= Mo Kwan-nin =

Hong Kong politician

Mo Kwan-nin (毛鈞年), GBM (20 May 1937 – 5 February 2013) was a Hong Kong born People's Republic of China politician.

Mo Kwan-nin was born in Hong Kong in 1937 and graduated from the Chinese Department of the University of Hong Kong in 1961. He later joined the Methodist College in Yau Ma Tei as a Chinese language and Chinese history teacher. He was put in charge of the school's curriculum.
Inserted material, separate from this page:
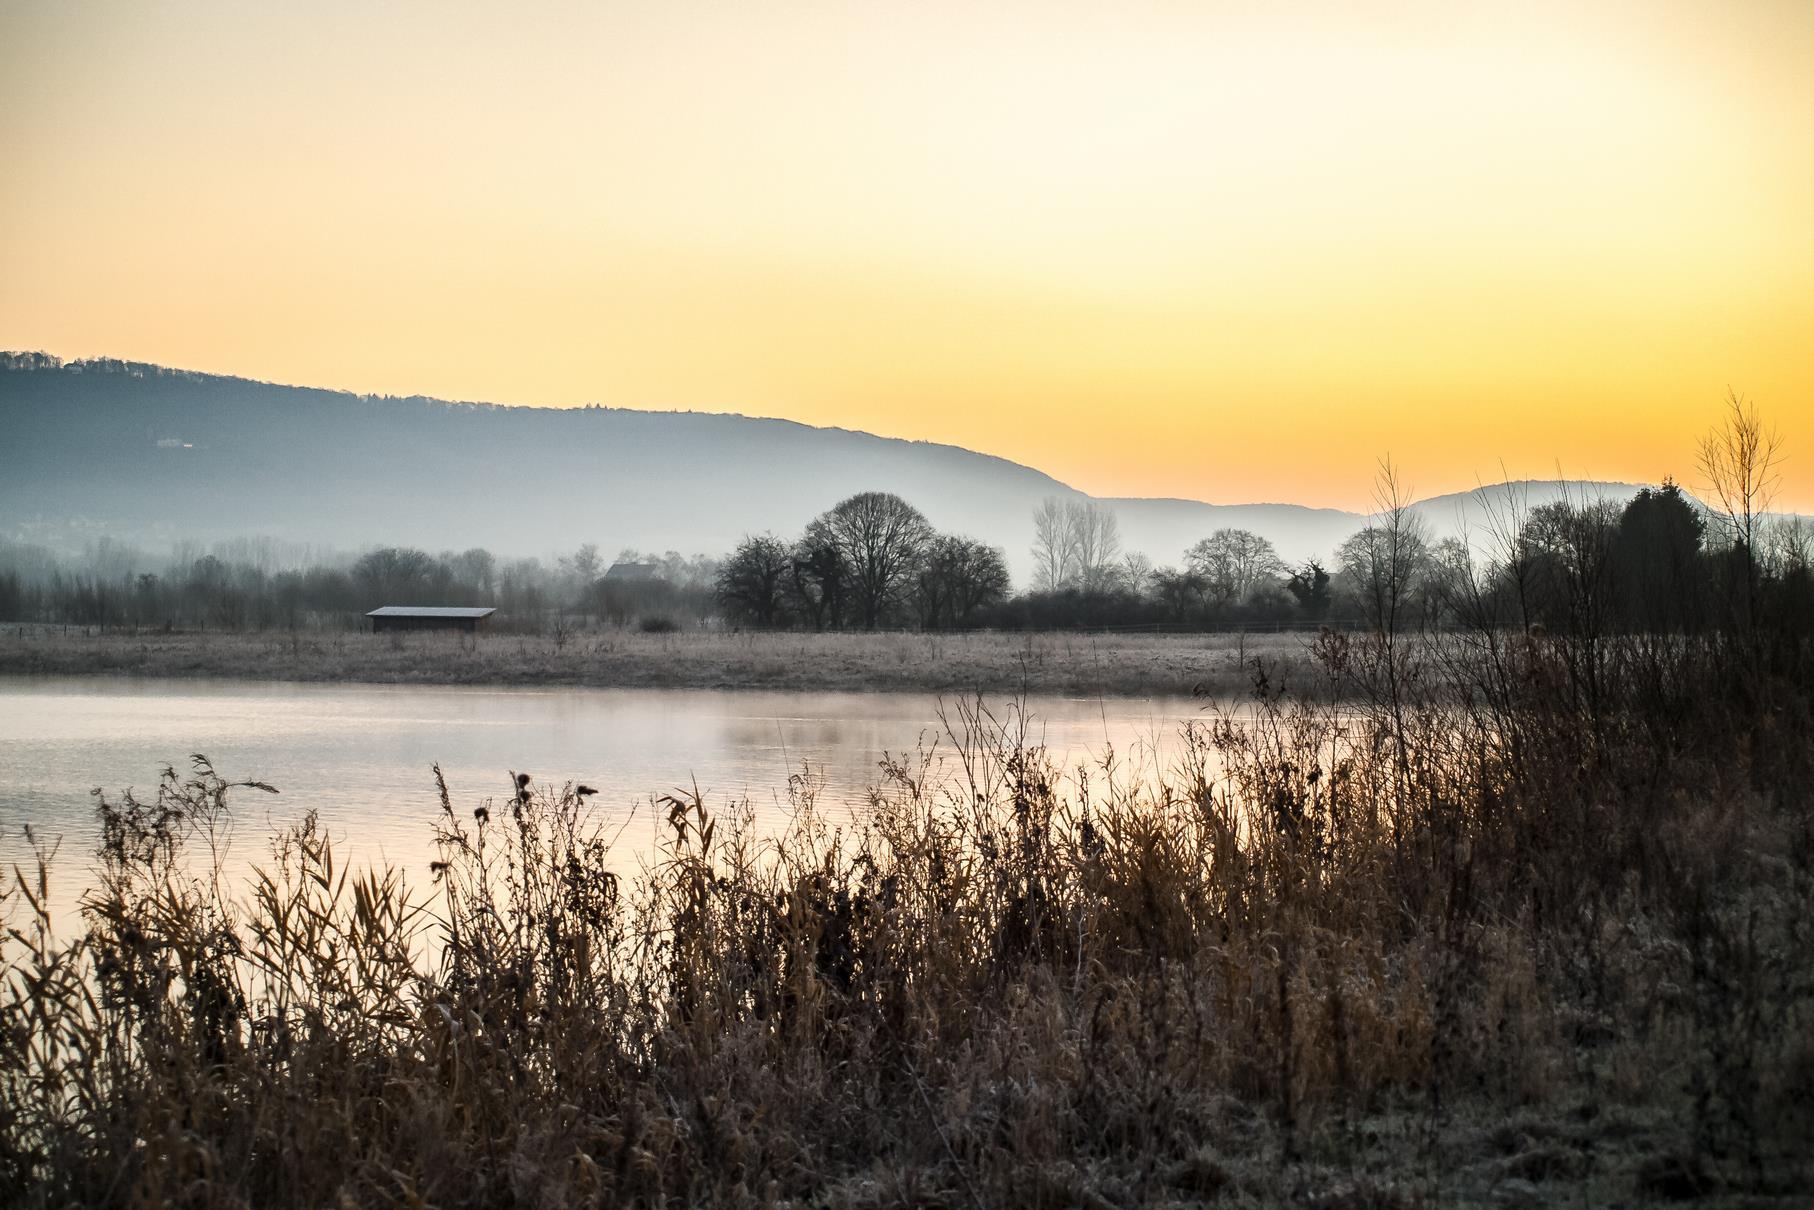 Der Nebel und die Kälte sorgen für schöne Farben zum Sonnenaufgang.

In 1984, Mo joined the Hong Kong office of the Xinhua News Agency, the de facto representative office of People's Republic China government in the colonial period. He was appointed as deputy director in 1987, becoming the highest ranking Hong Kong born official at that time. It was seen as a Chinese Communist Party (CCP) gesture to show its recognition of Hongkongers. Mo served alongside Lu Ping as the deputy secretary-general of the Hong Kong Basic Law Drafting Committee and the secretary-general of the Hong Kong Basic Law Consultative Committee, the two organs responsible for drafting the Hong Kong's mini-constitution under Chinese rule after 1997.

Hong Kong–based political commentator Johnny Lau Yui-siu said Mo became an underground member of the CCP after he joined Xinhua. However, it was not disclosed until the China News Service accidentally exposed his membership in a report during the 13th National Congress of the CCP. According to Lau, Mo's role became less significant after the disclosure. Mo's support of the Tiananmen Square protests of 1989 also significantly diverged from Beijing's and his career was in limbo after that. In 2000, Mo was honoured with the Grand Bauhinia Medal.
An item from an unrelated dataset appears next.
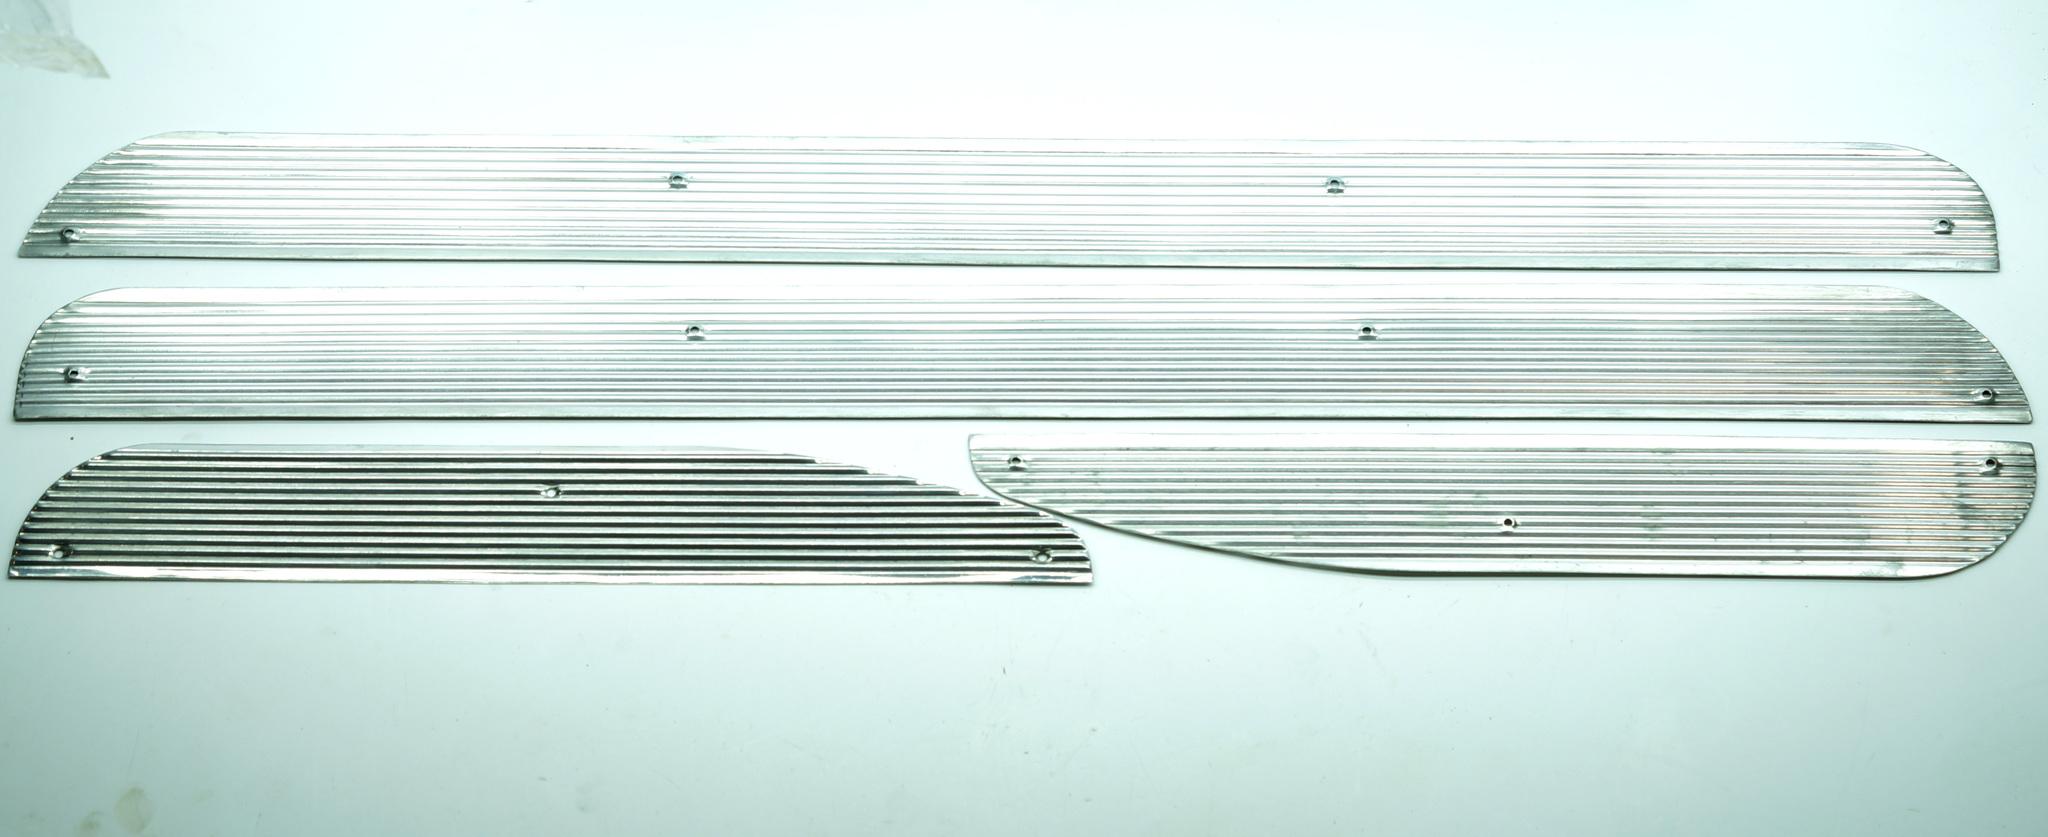 Накладки на внутреннюю обшивку дверей ГАЗ 21 Волга

Mo died from an undisclosed illness on 2 February 2013 7:02 p.m. in a local hospital at the age of 75. Johnny Lau praised Mo, saying he had served Beijing with pure intention, which was rare at that time. "What he had given to the country was much more than what he could earn back," Lau said. Chief Executive Leung Chun-ying also paid tribute, saying that Mo was committed to serve Hong Kong and involved in the preparatory work for the transfer of sovereignty. "He has made outstanding contributions to both the country and Hong Kong," Leung said.